Will Android Flavors Spoil the Platform?
rsmiller510 writes "Open source operating systems have a lot of upsides, but when you give cell phone makers and providers the power to customize the phones to whatever degree they like, it could end up confusing consumers and watering down the Android label."
Since the competitors don't have choice and can't get it they have to argue that "choice is bad". If you like choice though - if you prefer a less expensive phone or one with all the bells and whistles, or larger or smaller or whatever, Android is an obvious choice. If you like to choose the phone network based on pricing or features, quality of network, or how badly they restrict the phone's features to maximize your bill, again Android is a clear winner. If a single great design that's wholly integrated and secured by a single vendor is your preference, iPhone is a grand choice - and that's great! You get to choose that too.
Lack of choice as a feature though is in general a tough sell.
Help stamp out iliturcy.
... in the same way that all the flavors of GNU/Linux have spoiled that platform.

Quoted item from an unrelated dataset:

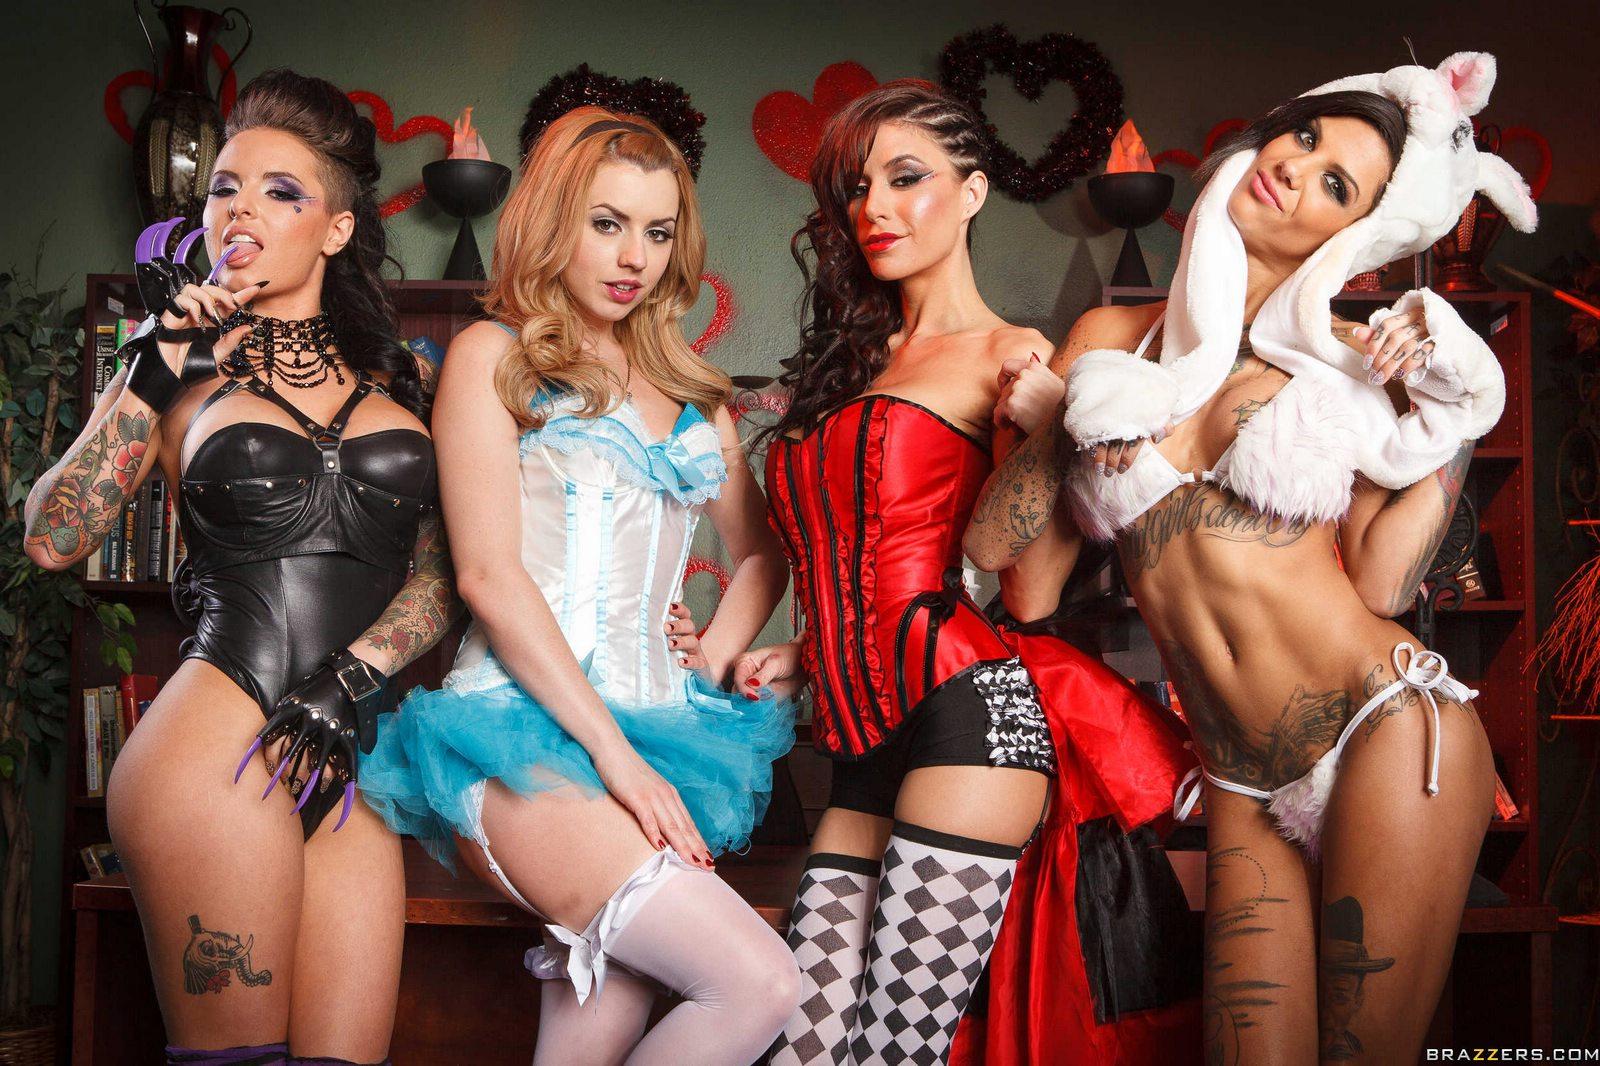 Christy Mack Lexi Belle - Best Porn Photos, Hot XXX Images ...

I love the fact that there is such a wide variety of Android phones. Different features are important to different people, and being able to choose between different phones gives them the opportunity to buy one that caters towards whatever the find most important (good screen, good keypad, good camera, etc.)
Living With a Nerd
Terrible news everyone. Android enables the ability to extend usability and functionality beyond what the native platform supports! It's not a one size fits all shoehorn! What a failure! God, I need to sell my stock quick!!1
You know. I've never bought a car thinking it had any features in it other than the ones I knew it had. How about instead of treating consumers like they're the awkward creepy man-child that greets customers at Wal-Mart, we just expect people to have enough interest in the product to do their research and read the fucking box and reviews to find out what the device is even capable of? I mean, are there any reasons other than because the expectation of personal responsibility is dead?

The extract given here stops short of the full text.